Assuming you have approximately 168 students, and that each of these meetings take about 10 minutes, that’s only about… 28 hours each week. Or is it each month? I’m not sure how often this one is supposed to happen. Let’s assume it’s just once – it’s not like Joey’s performance, behavior, goals, or attendance are likely to change throughout the year. So we’ll just use that extra 28 hours floating around during, say… October.  Nothing that important happens in October anyway. 

(10) I’m not sure what “Data Coaches” are (Step Seven), although each school apparently has several (they must share office space with all the Tutors and Trainers – no wonder Oklahoma schools are so darned inefficient with how they spend district money!)  Apparently while teachers celebrate their one collective decent idea, the Data Coaches do some sort of ceremonial handshake – or perhaps it’s a dance. I’m not familiar with that culture, but I’d really like to see that. There simply aren’t enough dances based on hard educational data.

(11) The Building Principal, on the other hand, reviews “performance data” with Ms. Bullen, but don’t worry – he does it to “support and empower,” not “admonish” (Step Eight). You have to remember that Ms. Bullen is nine years old and unlikely to marry due to a botched elective cosmetic procedure – she cannot be treated like an adult and simply discuss how things are going with her class. Wait! I mean… with Joey. Just how things are going with Joey. 

MsBullen4

(12) We’ll skip ahead a few steps to where you can’t leave for the summer until you make sure Joey and each of your other 167 students are properly tracked and categorized for the next school year (Step Sixteen). It’s important Joey not have any input on what he might be interested in or challenge himself by taking advanced coursework. We don’t want to risk student engagement in a way that might threaten the data! It would actually be more efficient to simply divide the classes by socio-economic status, race, or educational level of whatever parental units happen to be in the picture, but we might miss a few outliers that way. So, we stick to DATA.

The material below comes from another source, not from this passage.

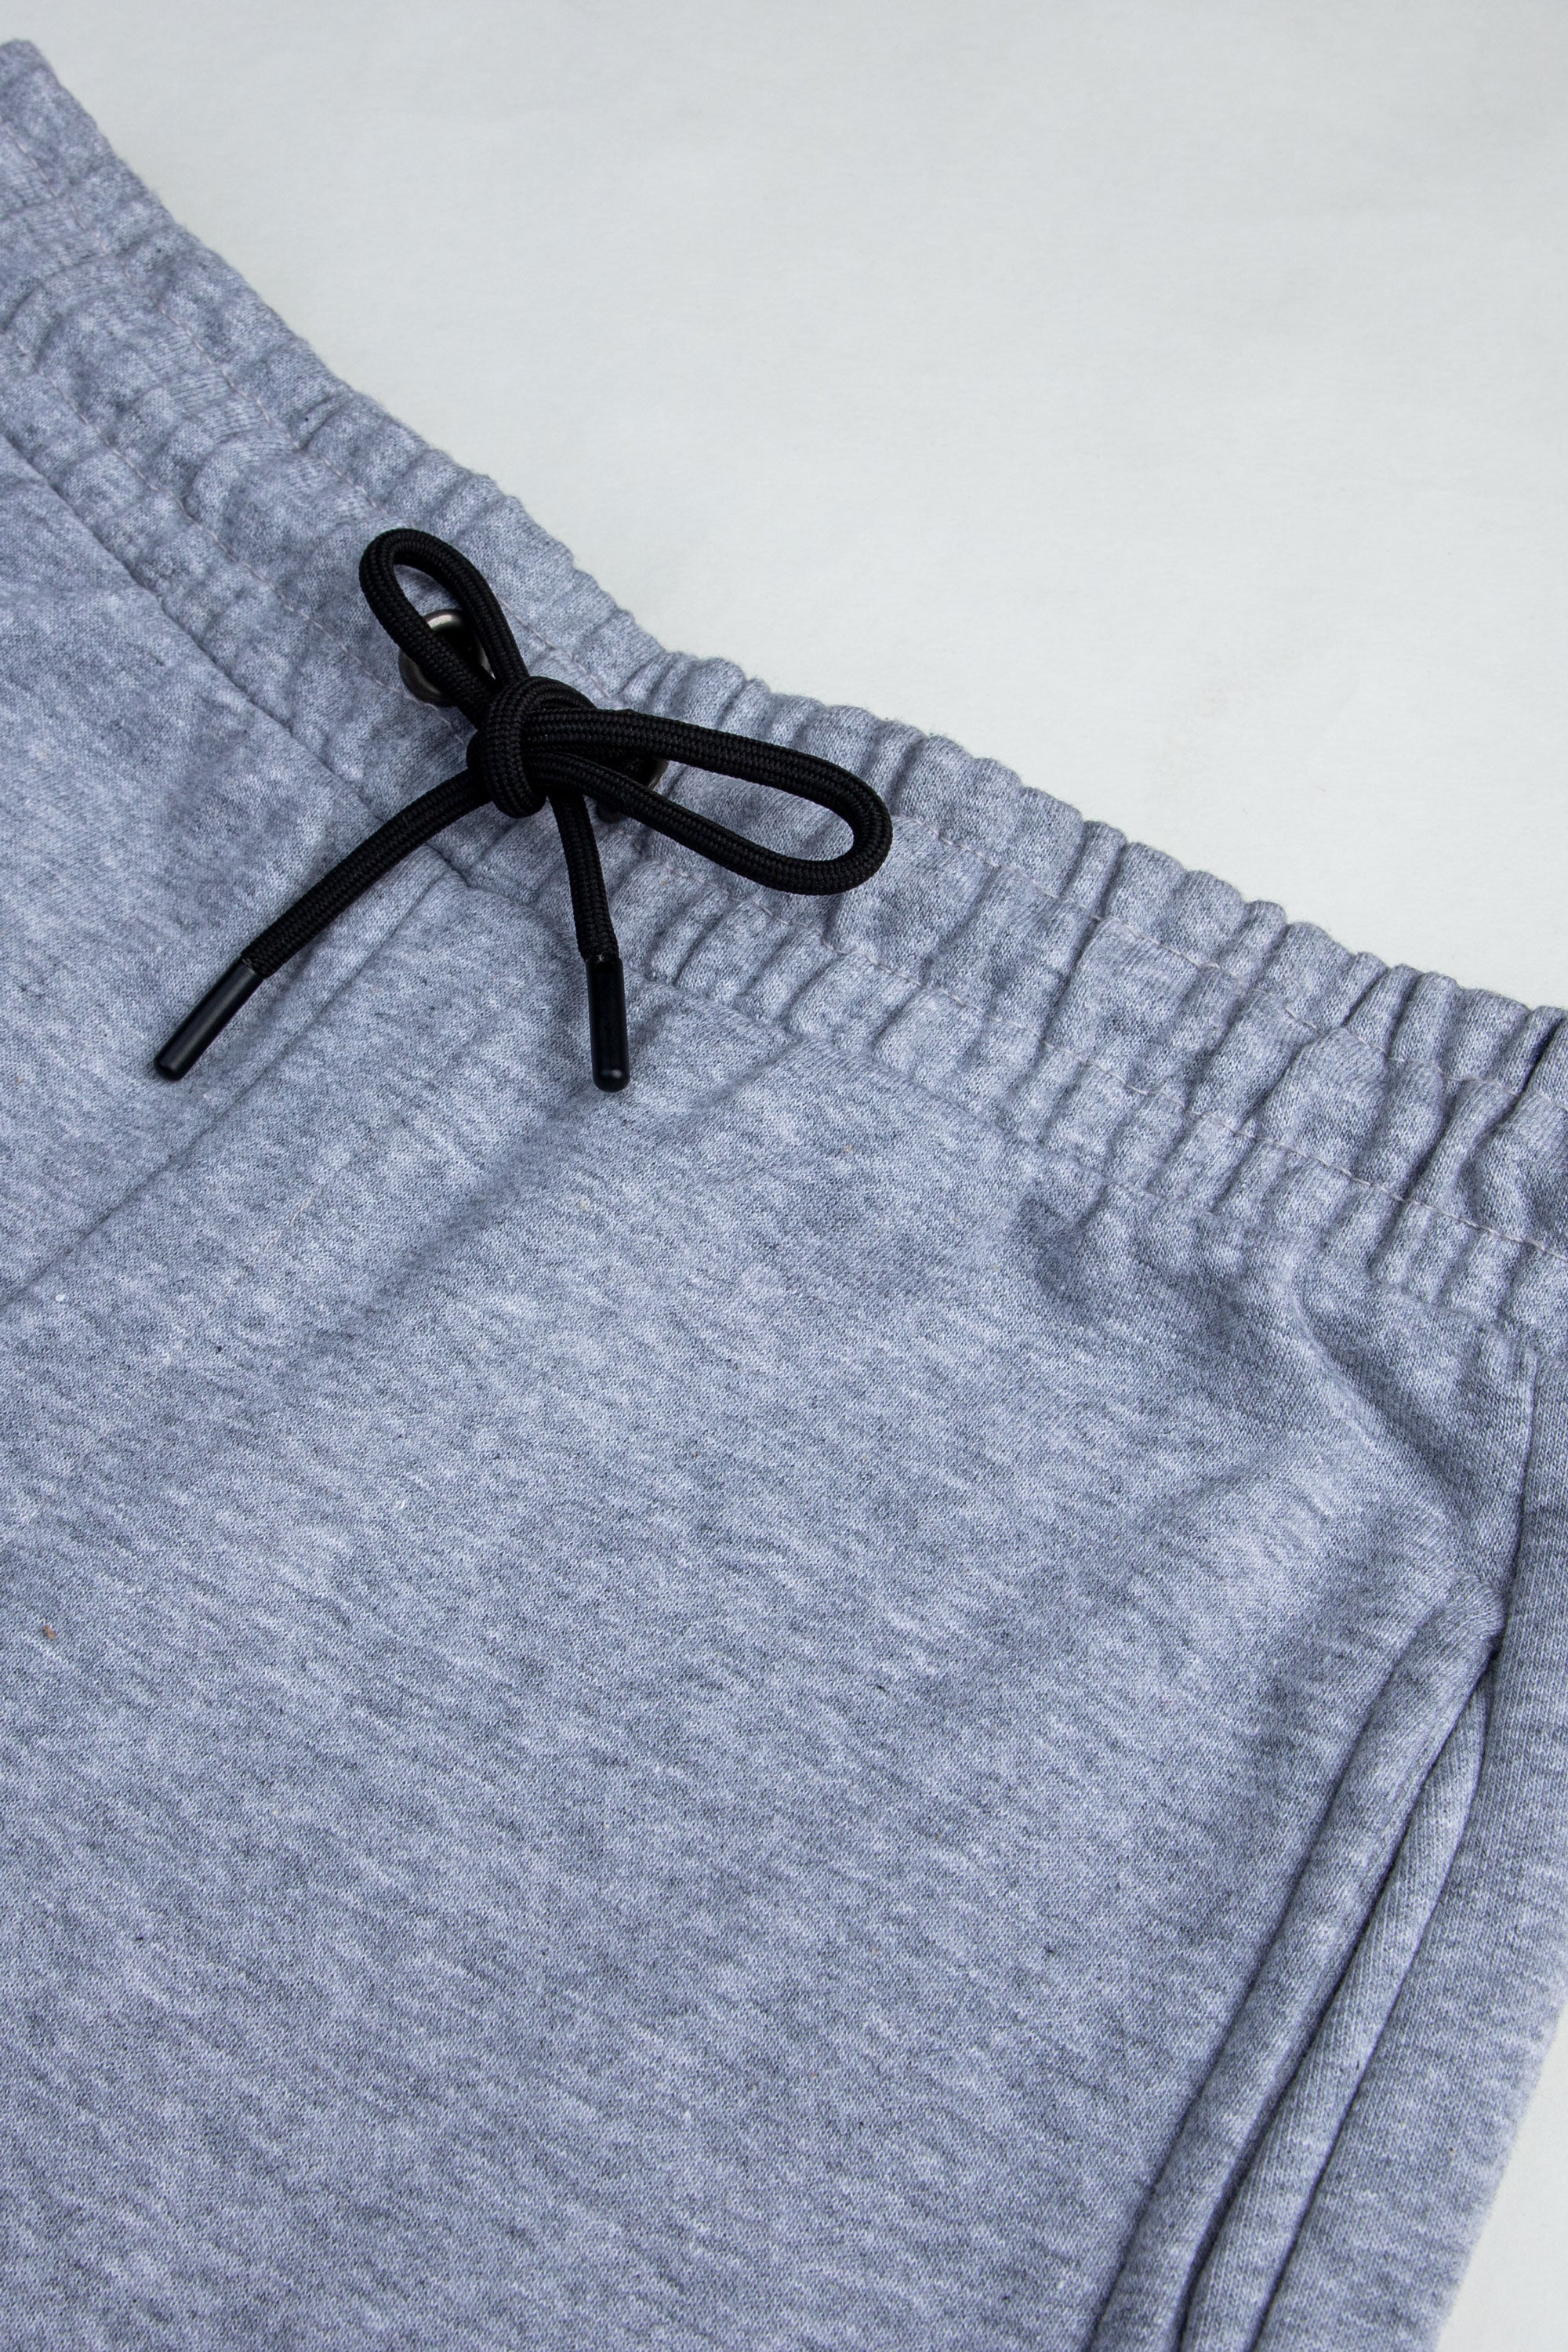 Comfortable Grey Tracksuit

(13) Because you haven’t spent nearly enough time in data meetings for Steps One through Sixteen, and are assumed to have no idea how the year went based on the formal and informal assessments you give throughout the year, your relationship with each student, or anything else that might indicate you have a pulse, you’ll meet with your principal some more and work on your own Value Added Measurement numbers (Step Seventeen).

(14) This would be a great time for Ms. Bullen to lower than neckline a bit and talk to that building principal about making sure she doesn’t have any ELL, Integrated, or otherwise low-performing classes next year. Although she has a heart for struggling students like Joey, they’re totally killing her VAM scores. As Roster Verification and Teacher Linkage become dominant, she’s growing rather resentful of any little turd that hurts her scores and means she’s not getting the merit pay those Pre-AP teachers probably will. I suggest some aggressive accessorizing to distract from those rectangular lips.

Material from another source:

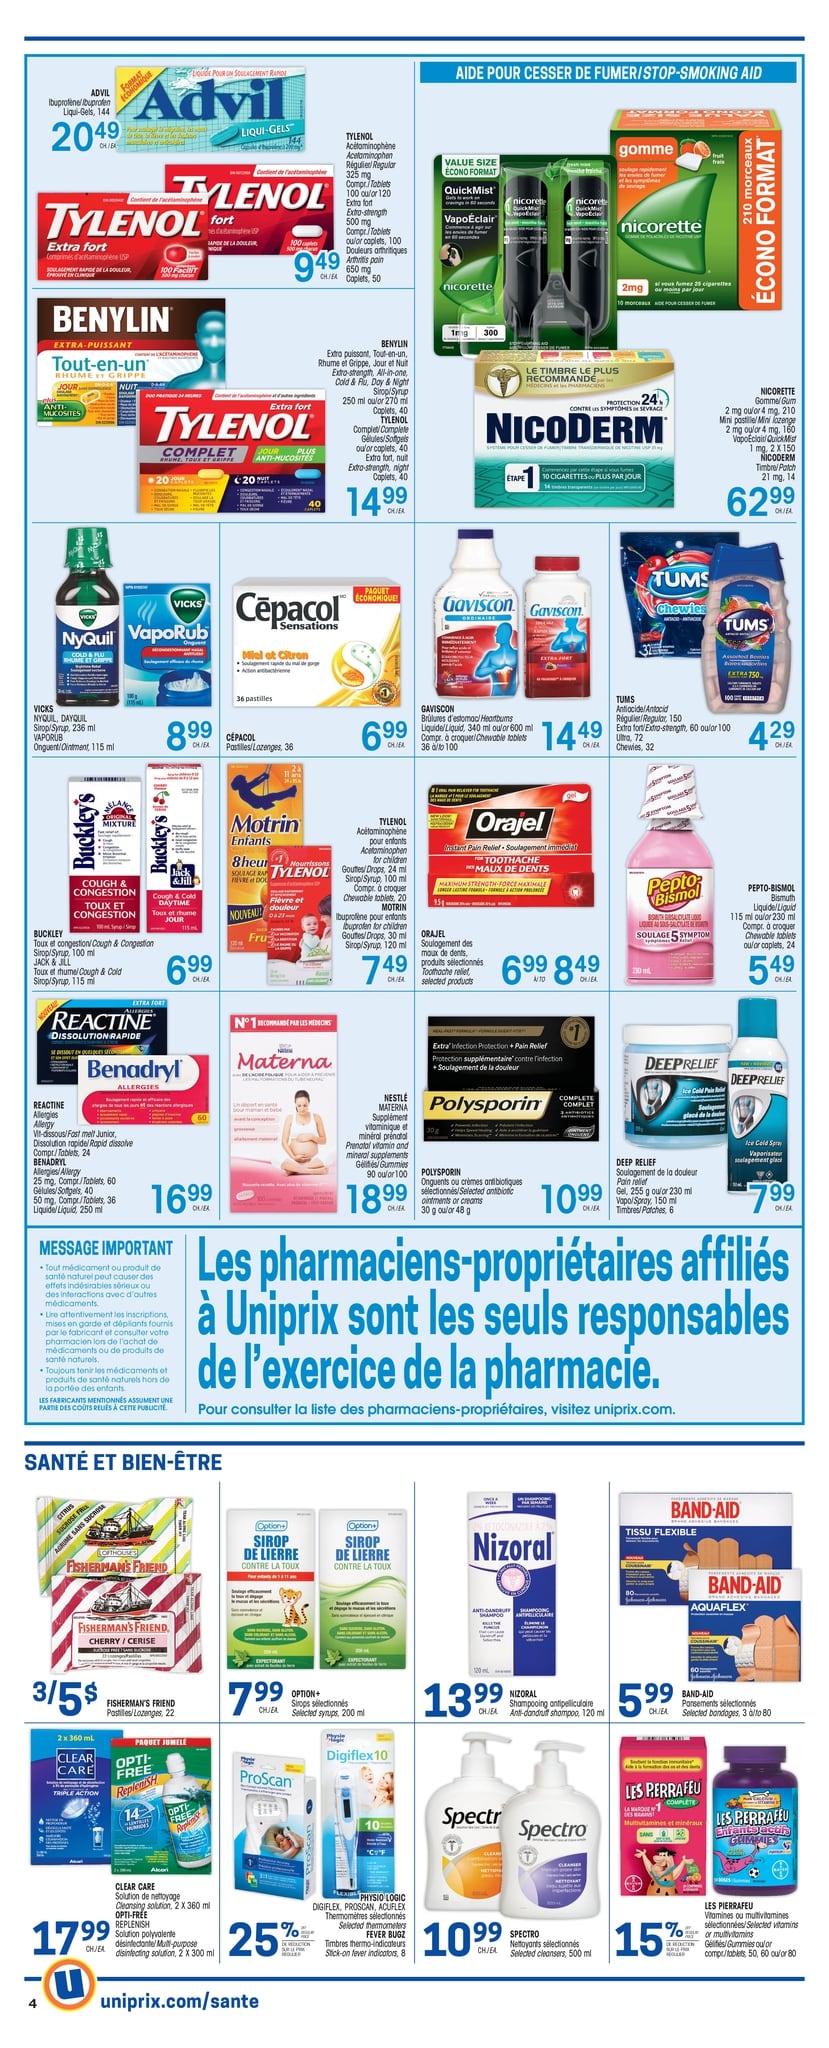 Uniprix - Weekly Flyer Specials - Page 10

(15) You and the other district teachers will spend your summers looking at data on your own time (Step Eighteen), although you’re barely paid for the required 180 days you’ve already spent at school. Only when you pass through the gate painted to look like that trip to Six Flags you can never afford are you free to begin tracking and prejudging next year’s students based on their test scores.

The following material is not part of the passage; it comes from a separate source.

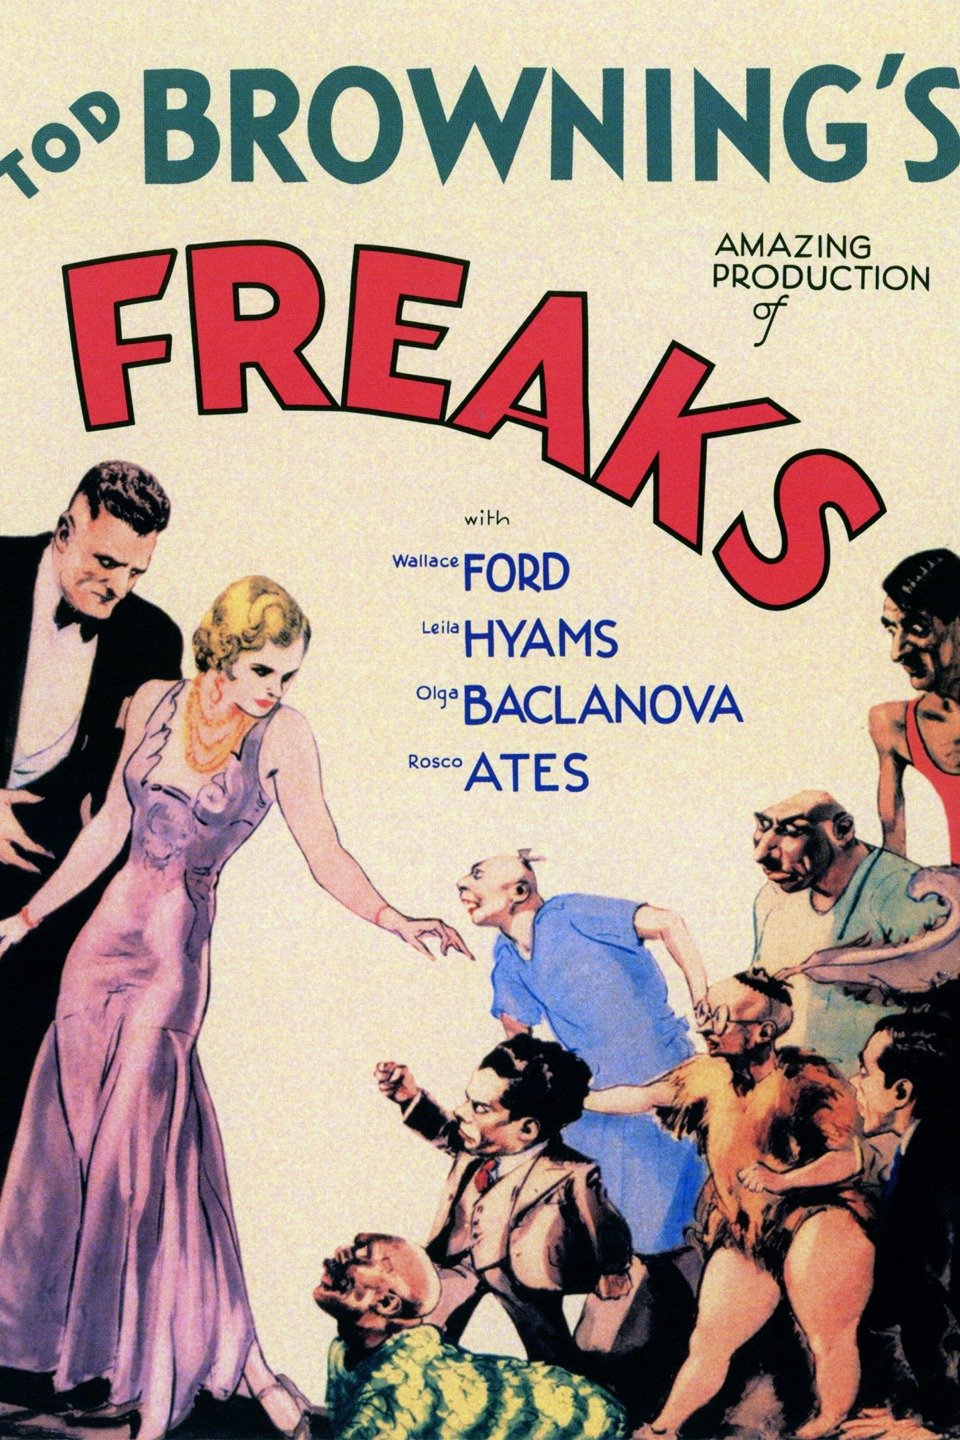 Freaks - Top 25 Horror Movies of All Time

Of course, you’re not in this profession for the summers, or the money, or the remnants of hope you had only a few years ago – that’s not what teaching is about. You have something better than a sense of purpose to what you do, or remnants of self-respect, or even the resources to take your family on even a modest trip – you have data.

Congrats Ms. Bullen! You may have low VAM scores, endless meetings, no summers to yourself, and no money to try to fix that botched surgery, but you’ve had a data-rich year!